What this means practically: development in the West is competitive, entitlement timelines are long, and community relationships directly affect project outcomes. Developers who treat these markets as transactional opportunities consistently underperform against those who invest in genuine local presence.

The Three Phases Where Partner Quality Gets Tested

Most development partnerships are evaluated at the wrong moment, during a pitch, when every firm presents its best projects and smoothest execution. A more reliable test is to ask how a partner performs across three phases where the real work happens: pre-development underwriting, entitlement navigation, and execution through lease-up. The quality of each phase compounds into the final project outcome.

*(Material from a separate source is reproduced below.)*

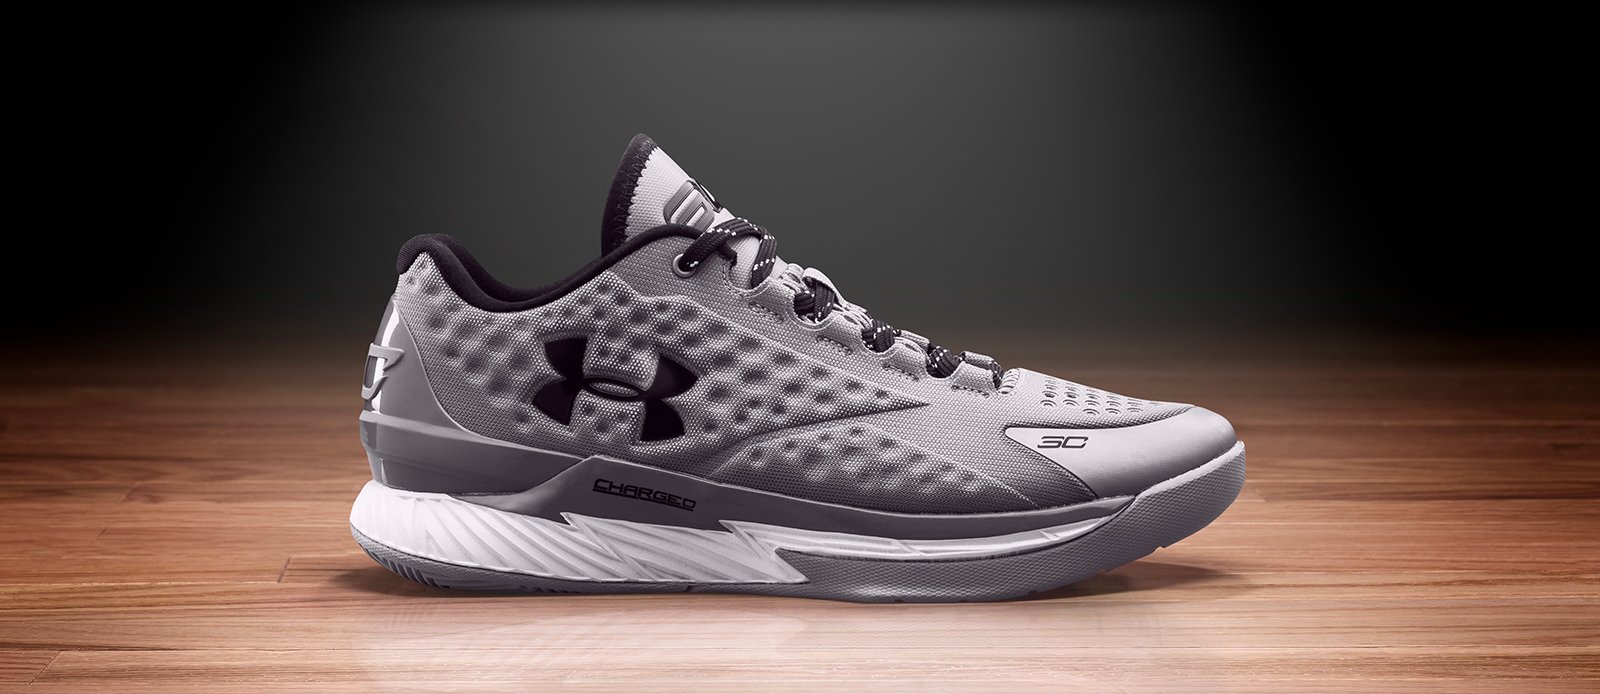 curry 1 lows

The strongest western-focused developers share a common trait: they maintain internal teams with sustained local knowledge rather than rotating generalist consultants across markets. Depth of local presence, measured in years of municipal relationships, not just closed deals, is one of the strongest predictors of entitlement success in the West.

Phase One: Market Intelligence and Site Selection

Rigorous pre-development underwriting is the first place to differentiate serious Western developers from opportunistic ones. The evaluation process should cover trade-area demographics, traffic counts, competitive supply pipelines, and tenant demand signals, all before a site goes under contract. This discipline matters more than ever as costs have surged: according to the Associated General Contractors of America, construction input costs rose by more than 41% between 2020 and 2023, making accurate underwriting a prerequisite for project viability rather than a formality.

For capital partners and institutional co-investors, the benchmark to set is simple: every site decision should be documented with supporting data on absorption trends, population growth, employment density, and comparable project performance. If a development partner cannot produce that framework on demand, it signals how decisions are made throughout the project lifecycle.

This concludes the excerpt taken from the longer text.